Podziemia zamku Książ

Ukryty na Pogórzu Wałbrzyskim zamek Książ, podobnie jak większa część Śląska, położony był z dala od głównych frontów II wojny światowej. Wszystkie działania wojenne omijały tę część ówczesnych Niemiec, przez co miejsce to uznawano było za bezpieczne. Ten argument spowodował, że naziści w rejonie Walimia, Głuszycy i w podziemiach zamku Książ zaczęli prowadzić zaawansowane prace górnicze, którym nadano kryptonim Riese (Olbrzym). Roboty trwały niemal do ostatnich dni II wojny światowej, jednak nigdy nie zostały ukończone. Nie zachowały się żadne potwierdzone informacje czy nawet plany budowy, mające świadczyć o przeznaczeniu sztolni drążonych w górach i pod zamkiem Książ. Mimo że od zakończenia wojny upłynęło już tak wiele czasu, to zagadka Riese nie została wyjaśniona. Pozostały jedynie niezrealizowane tajemnicze kompleksy, które rozpalają wyobraźnię niejednego turysty. W trakcie ostatniej wojny światowej na Książu oraz w jego okolicy prowadzone były tajemnicze prace budowlane, którymi od roku 1943 zajmowała się paramilitarna organizacja budowlana Todt.
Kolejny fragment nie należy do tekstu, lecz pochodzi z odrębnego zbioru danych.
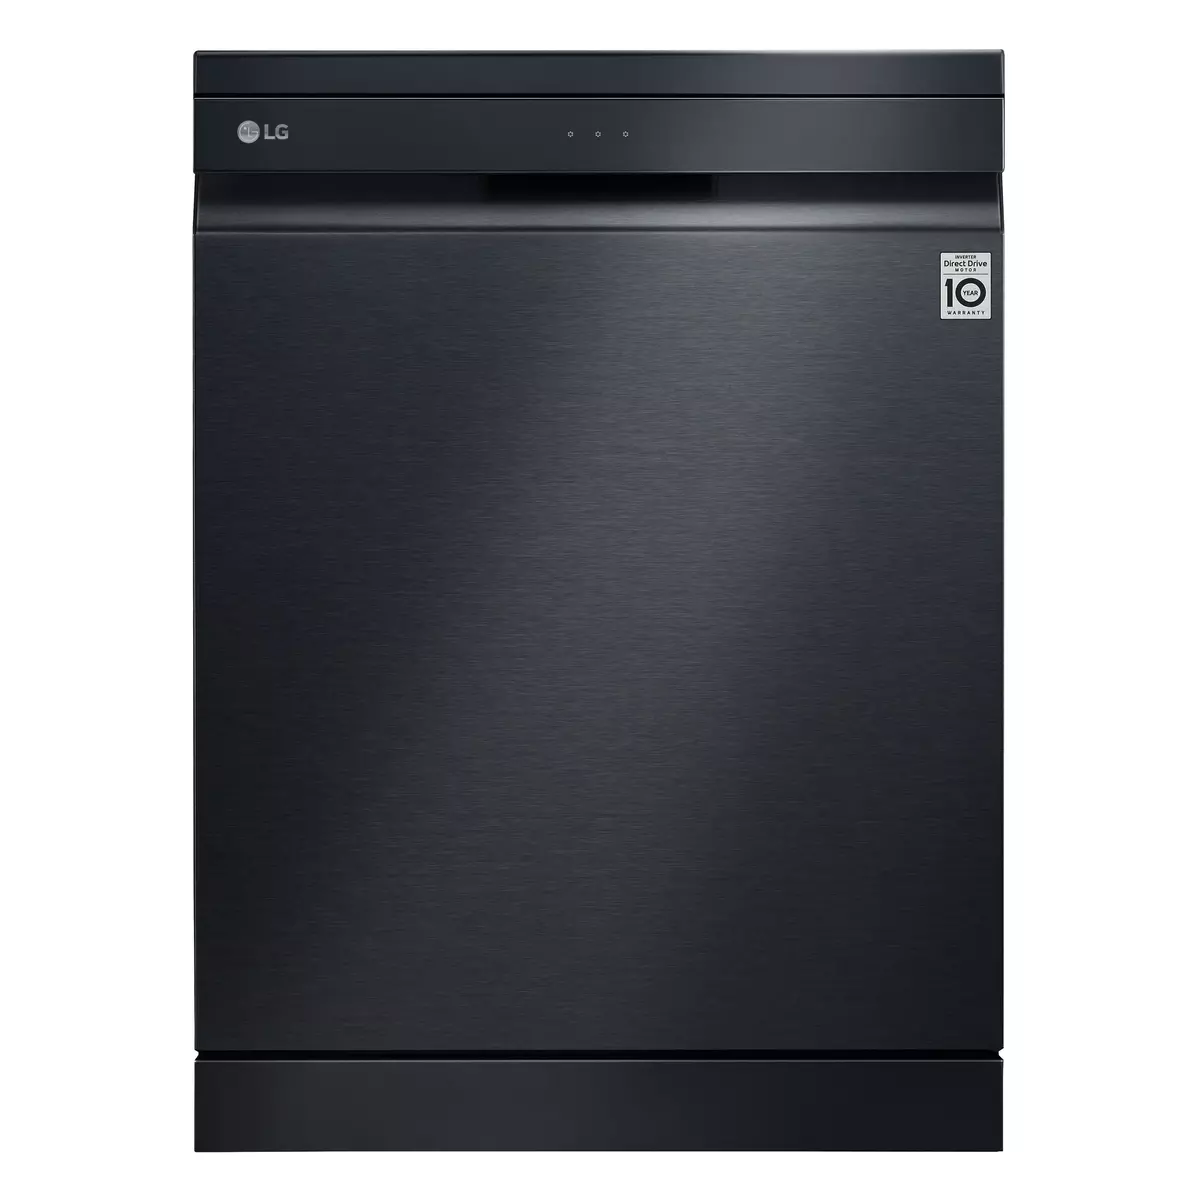 LG Lave vaisselle pose libre DF455HMS, 14 couverts, 60 cm, 41 dB, C

Tak naprawdę do dnia dzisiejszego nie wiadomo do jakich celów miała służyć przebudowana warownia. Najczęściej powtarzana hipoteza mówi o tym, że miała to być reprezentacyjna siedziba dla oficerów niemieckich, w tym również sztab generalny Adolfa Hitlera. Wraz z przebudową wnętrz rozpoczęto drążenie tuneli w skale, na której stoi zamek. Najtrudniejsze prace wykonywali przymusowi robotnicy i jeńcy z obozu koncentracyjnego Gross Rosen.

 

W trakcie prac górniczych wykuto w skale sieć korytarzy o długości 950 metrów i głębokości do 50 metrów. Tunele są połączone z barokową częścią zamku, stąd przypuszczenie, że cały obiekt mógł służyć na potrzeby schronu lotniczego dla osób przebywających na Książu. Przed głównym wejściem do zamku wykuto w skale szeroki na 8 metrów szyb towarowy, który schodził 50 metrów w dół (ze względów bezpieczeństwa został on po wojnie zasypany). Do tuneli doprowadzono również linię kolejki wąskotorowej z bocznicy przy Palmiarni w Lubiechowie. Do dnia dzisiejszego sieć tuneli pod zamkiem budzi wielkie emocje. Co jakiś czas w mediach pojawia się informacja o kolejnym sensacyjnym odkryciu co jednoznacznie potwierdza, że tajemnice podziemi zamku Książ nie zostały jeszcze odkryte. Obecnie fragment tuneli jest udostępniony do zwiedzania jako część trasy turystycznej. W latach 70. XX wieku pod zamkiem Książ uruchomiono obserwatorium sejsmologiczne Polskiej Akademii Nauk.

 

Trasa Turystyczna Książańskie Podziemia

Podziemna trasa turystyczna to półkilometrowy odcinek, który z pewnością zaintryguje swoją różnorodną strukturą zarówno pod względem geologicznym, jak i historycznym. Podczas przejścia odwiedzający zobaczą potężną wybetonowaną halę, korytarze wykute w surowej skale oraz poboczne komory bunkra. Zwiedzanie odbywa się z przewodnikiem i trwa 45 minut.